SQL Server Data Mining: Plug-In Algorithms performance
-
28 noiembrie 2011 14:39
Hi,
I have one questions. I have done some plugin for mining sequential patterns.
When I start a plugin algorithm for the first time (PC reboot, server restart, ...) data are loaded very fast (i mean executin all: ProcessCase),
but when I run algortihm for the next time data loading is very slow (10-times and worth).
What Can be problem?
Thanks for advice.
Edit: I am using managed plugins version.- Editat de tisonet 28 noiembrie 2011 14:47
Toate mesajele
-
28 noiembrie 2011 18:47If any relevant code or query is exist..could you please share it..?
Think more deeply of performance terms -
28 noiembrie 2011 19:51
Thats not so easy, because I had to post all source code, and i dont have enought law to share the source code.
But I am not sure if this problem can do a plugin.
I think that sql anal. server for the first time transfer data from db quickly, but for the next time slowly.
After server transfer all data, algorithm takes the same time for every mining.
Mayby I have to close some resources after finish mining, but tutorial for creating plugins didnt say anything about it.
The example shows my loading data from db.
public override void ProcessCase(long caseID, MiningCase inputCase) { uint attrsCount = Algorithm.AttributeSet.GetAttributeCount(); uint attrIndex = 1; double seqKey = 0.0; uint indexValue = 0; // Items associated with timestamps. var itemsets = new Dictionary<double, HashSet<uint>>(); // increment the current value of the trace notification Algorithm._trainingProgress.Current++; bool hasItem = inputCase.MoveFirst(); while (hasItem) { // Gets timestamp of an item. if (inputCase.Attribute == Algorithm.SequenceKeyAttribute) { seqKey = inputCase.DoubleValue; } // Gets an item id. else if (inputCase.Attribute == Algorithm.NestedKeyAttribute) { indexValue = inputCase.IndexValue; } // If a new item started, saves a previuos item. if (attrIndex == attrsCount) { // Checks if an item is a frequent item. if (_frequentItems.Contains(indexValue)) { attrIndex = 1; HashSet<uint> itemset; bool exist = itemsets.TryGetValue(seqKey, out itemset); if (!exist) { itemset = new HashSet<uint>(); itemsets.Add(seqKey, itemset); } itemset.Add(indexValue); } } else { attrIndex++; } hasItem = inputCase.MoveNext(); } List<List<uint>> itemsetsList = new List<List<uint>>(itemsets.Count); // if distinct items only is set true, this hashset saves already added items.
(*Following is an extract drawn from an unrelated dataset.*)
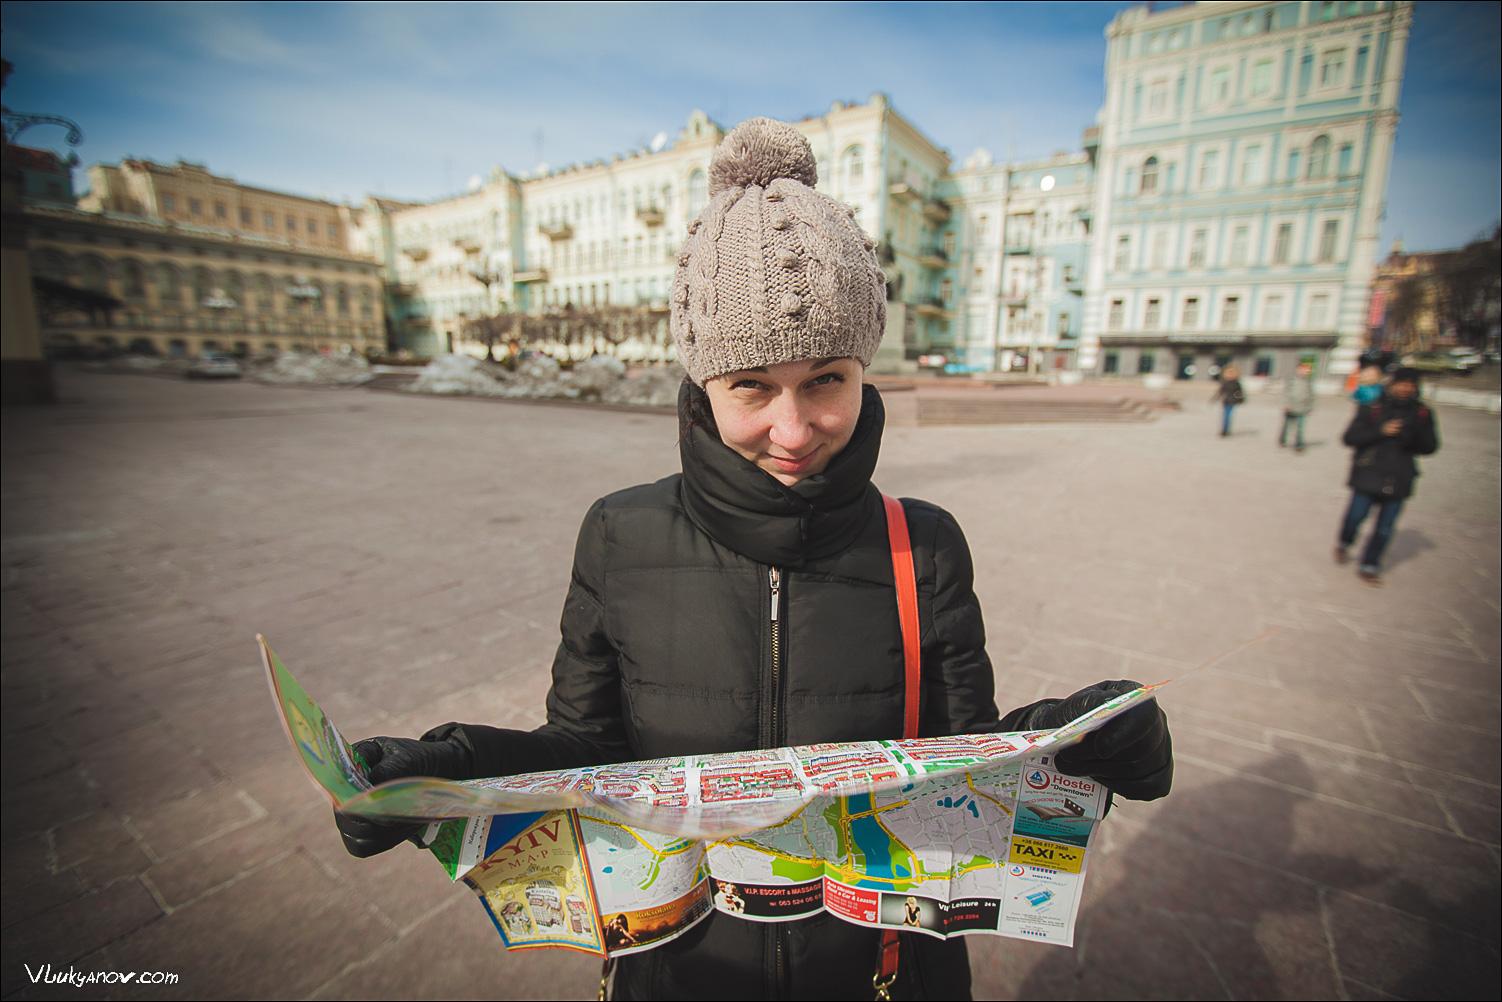 Фотограф, Москва, Владимир Лукьянов, Украина, Киев,

HashSet<uint> alreadyAddedItems = (_distinctItemsOnly) ? new HashSet<uint>() : null; foreach (var itemset in itemsets.OrderBy(i=>i.Key)) { List<uint> itemsList = new List<uint>(itemset.Value.Count); foreach (var item in itemset.Value) { // Adds item to an itemset iff: // distinct items only is false, or // this is the first occurence of item in sequence. if(!_distinctItemsOnly || alreadyAddedItems.Add(item)) { itemsList.Add(item); } } if (itemsList.Count > 0) { itemsetsList.Add(itemsList); } } if (itemsetsList.Count > 0) { _sequences.Add(new Sequence(itemsetsList)); } if (caseID % 100 == 0) { // Fire the trace every 100 cases, to avoid performance impact. Algorithm._trainingProgress.Progress(); // Make sure that the processing was not canceled. Algorithm.CheckCancelled(); } }
-
30 noiembrie 2011 18:29Moderator
Tisonet, are you releasing resources after execurtion of your plugin is completed?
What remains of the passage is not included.